The data:

'''

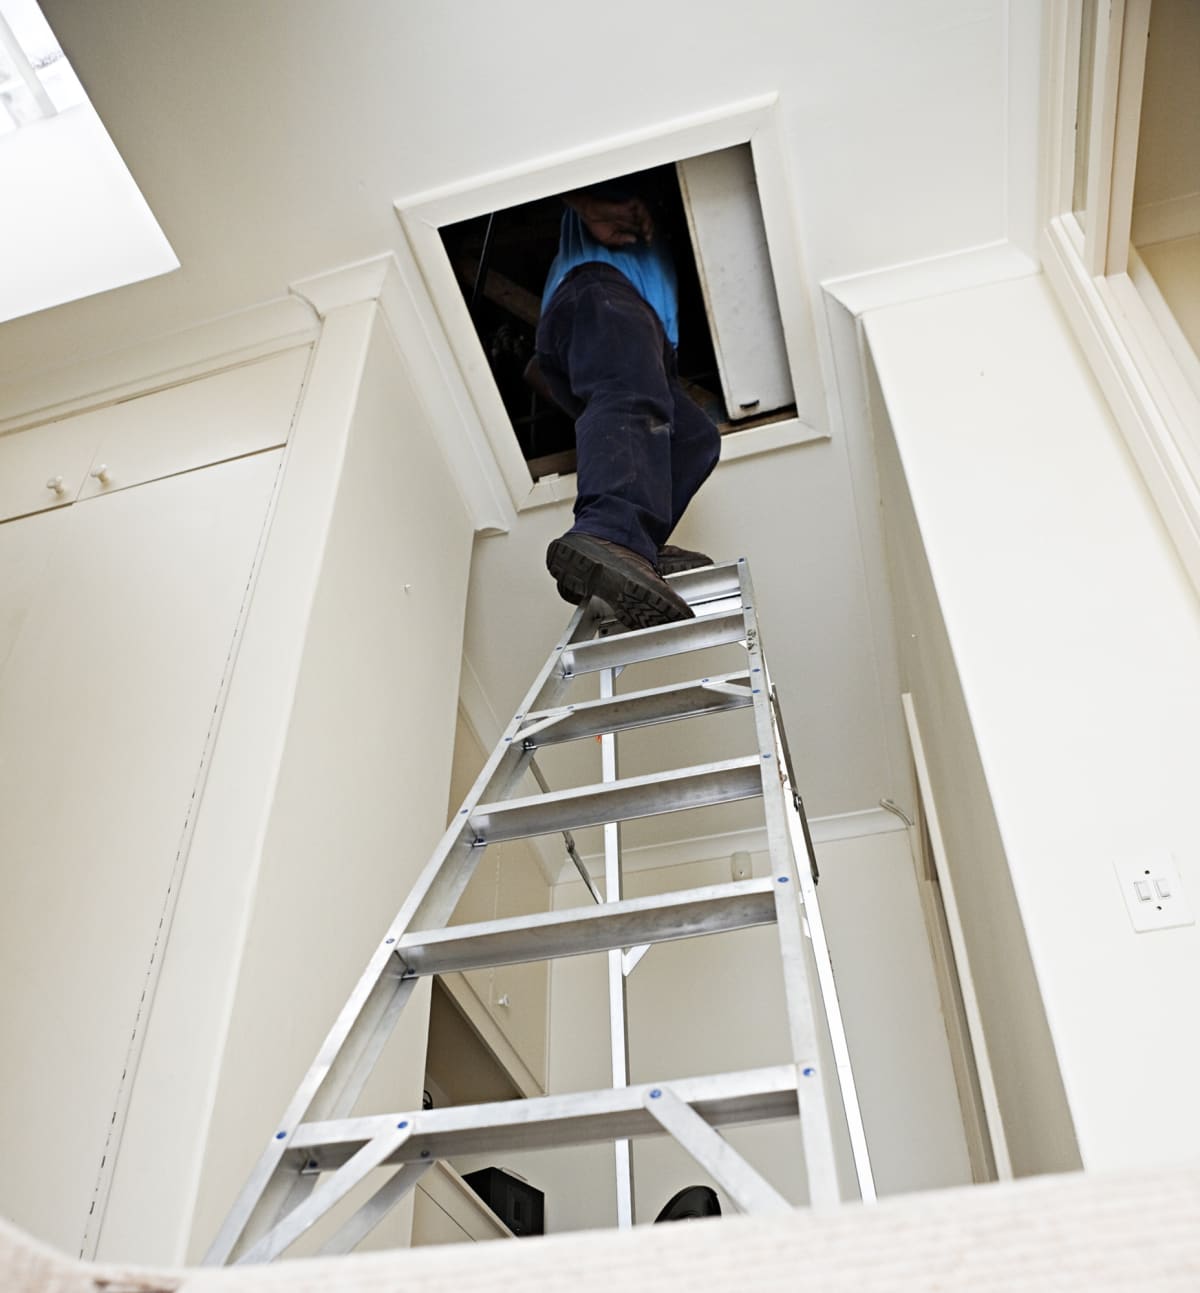 A man heads up a steep ladder into loft or attic space
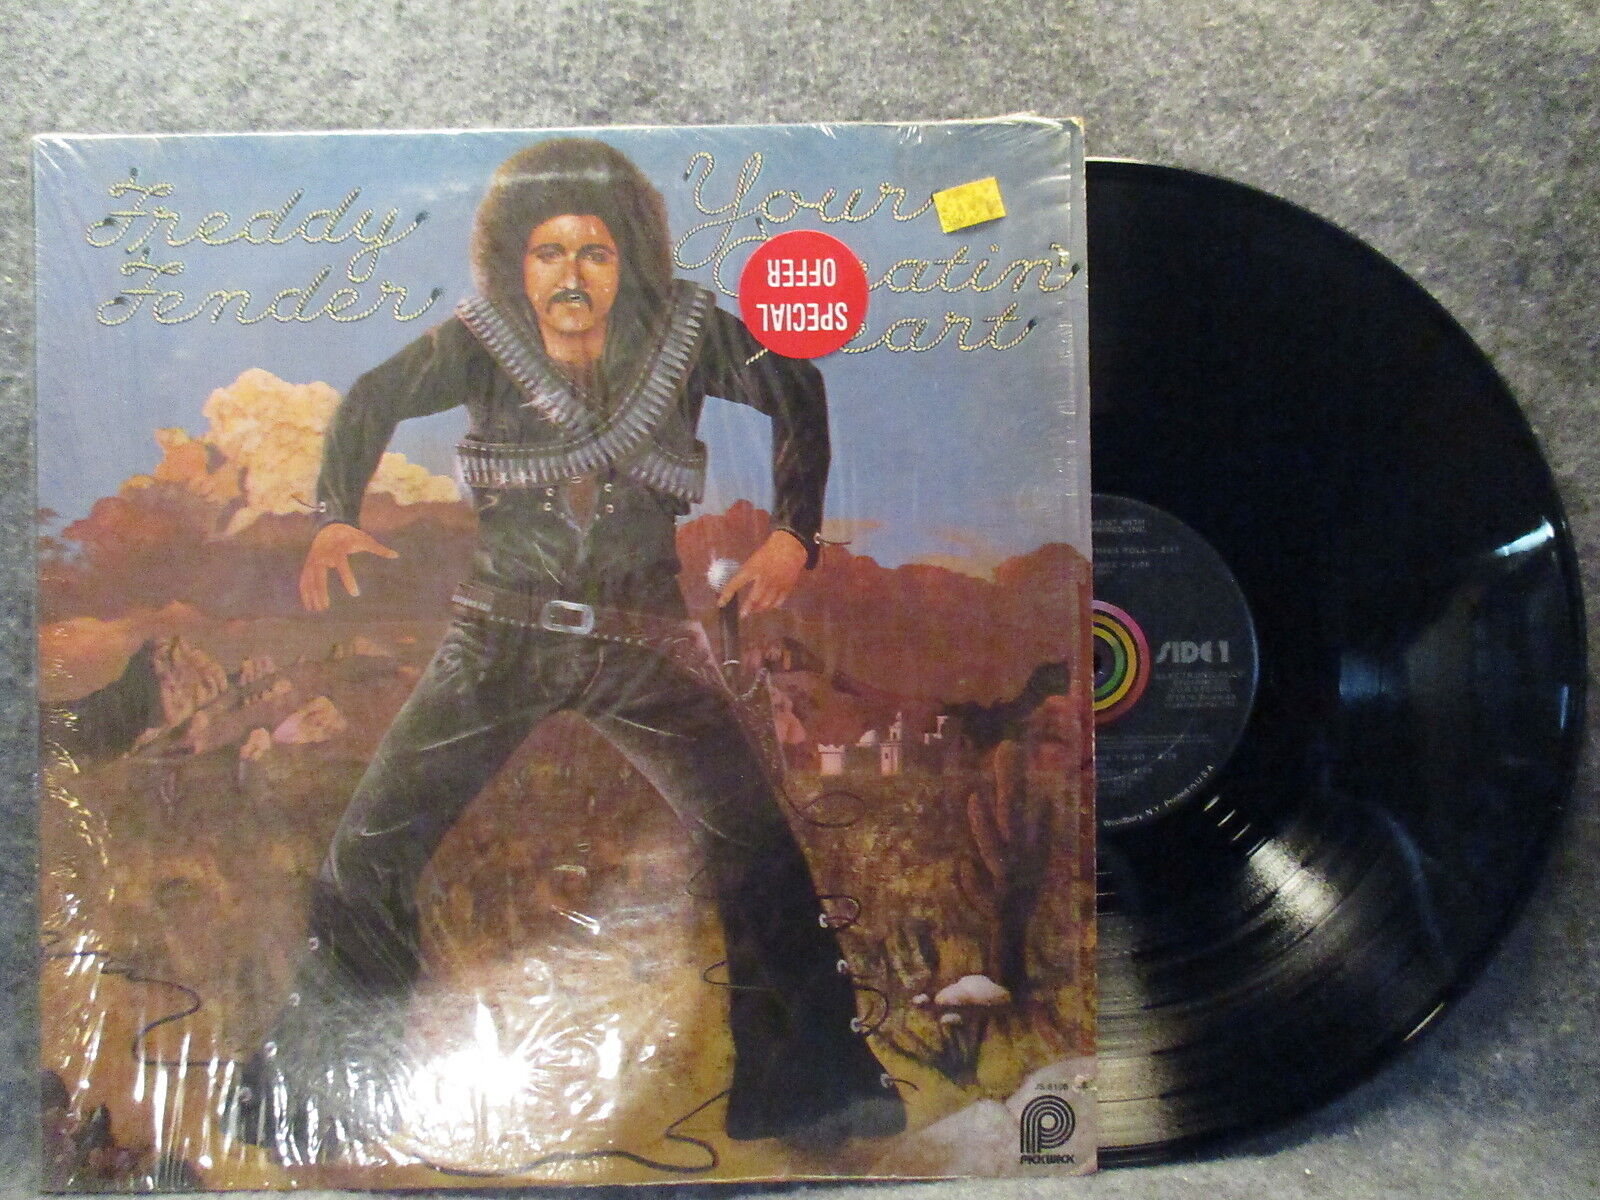 33 RPM LP Record Freddy Fender Your Cheatin' Heart 1976 Pickwick Records JS-6195
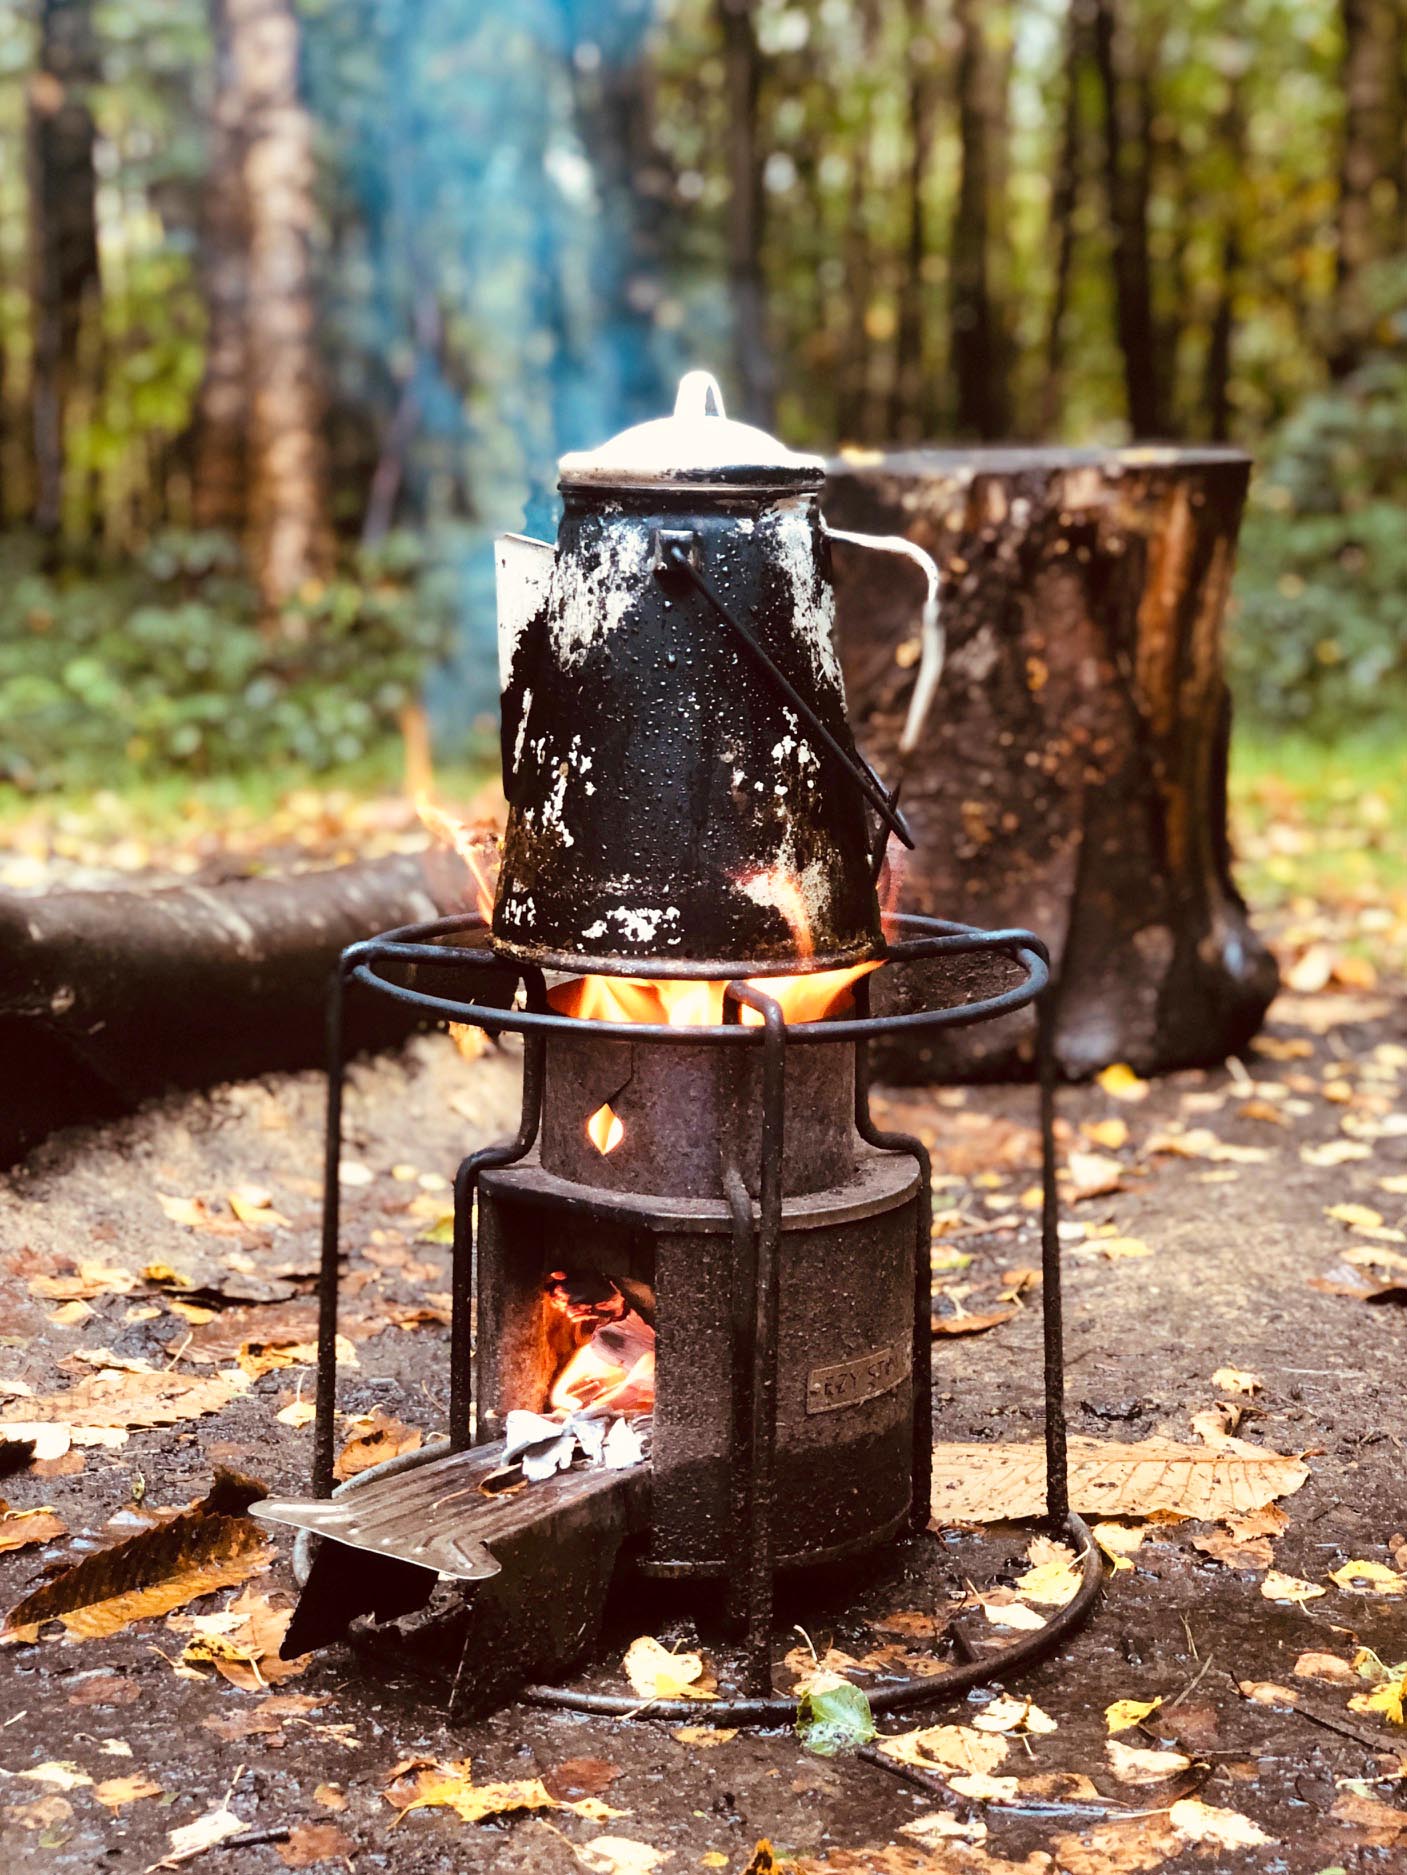 incorporating wood stove in Mass Heating system (rocket mass heater forum at permies)
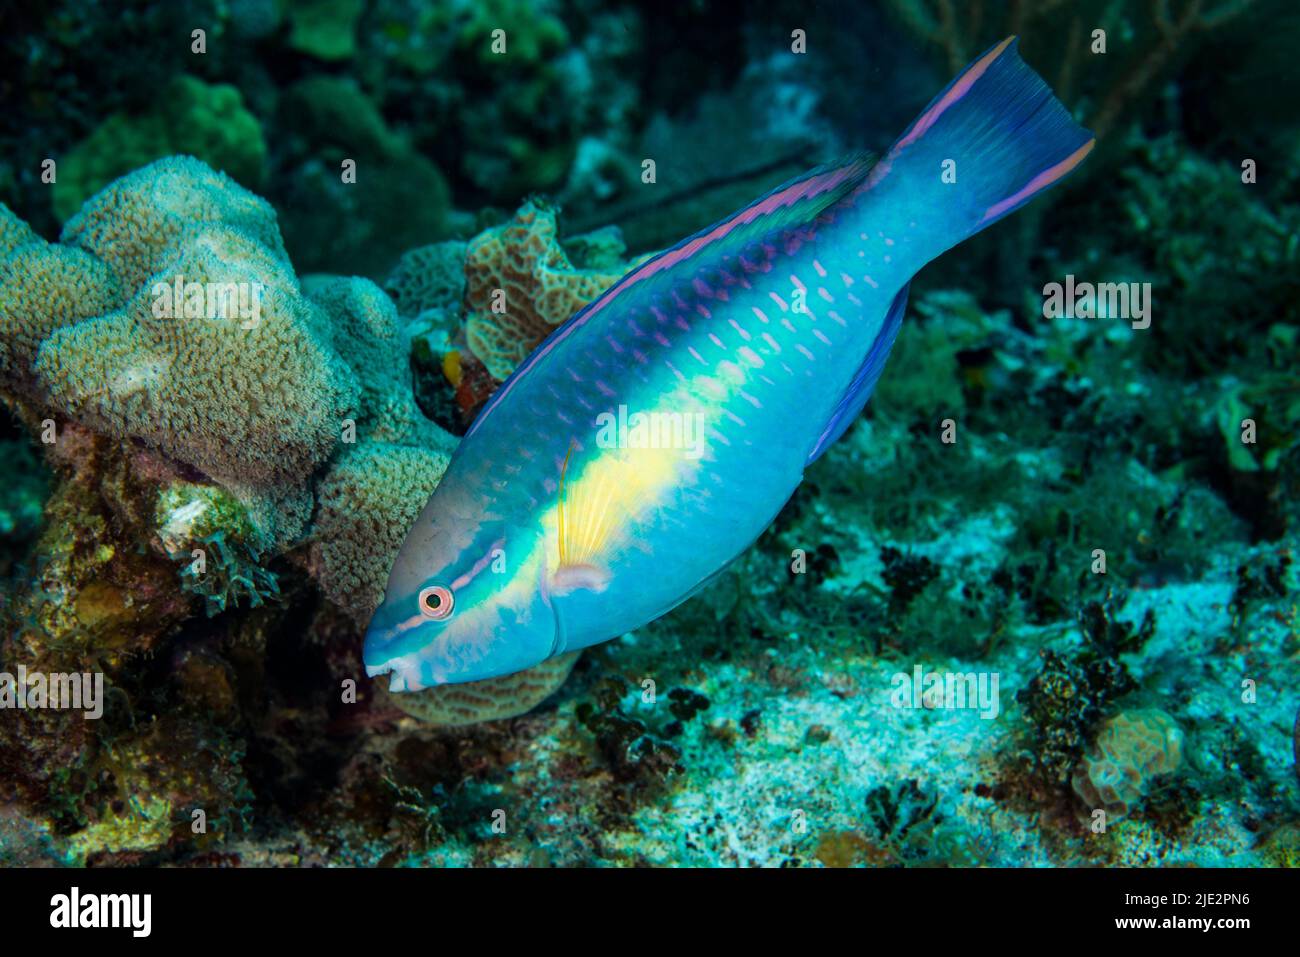 Princess Parrotfish swimming over coral reef at Little Cayman Island in the Caribbean Stock Photo

'''

Task statement: Reproduce the data above verbatim, minus any images.

Output of the exercise:
 A man heads up a steep ladder into loft or attic space
 33 RPM LP Record Freddy Fender Your Cheatin' Heart 1976 Pickwick Records JS-6195
 incorporating wood stove in Mass Heating system (rocket mass heater forum at permies)
 Princess Parrotfish swimming over coral reef at Little Cayman Island in the Caribbean Stock Photo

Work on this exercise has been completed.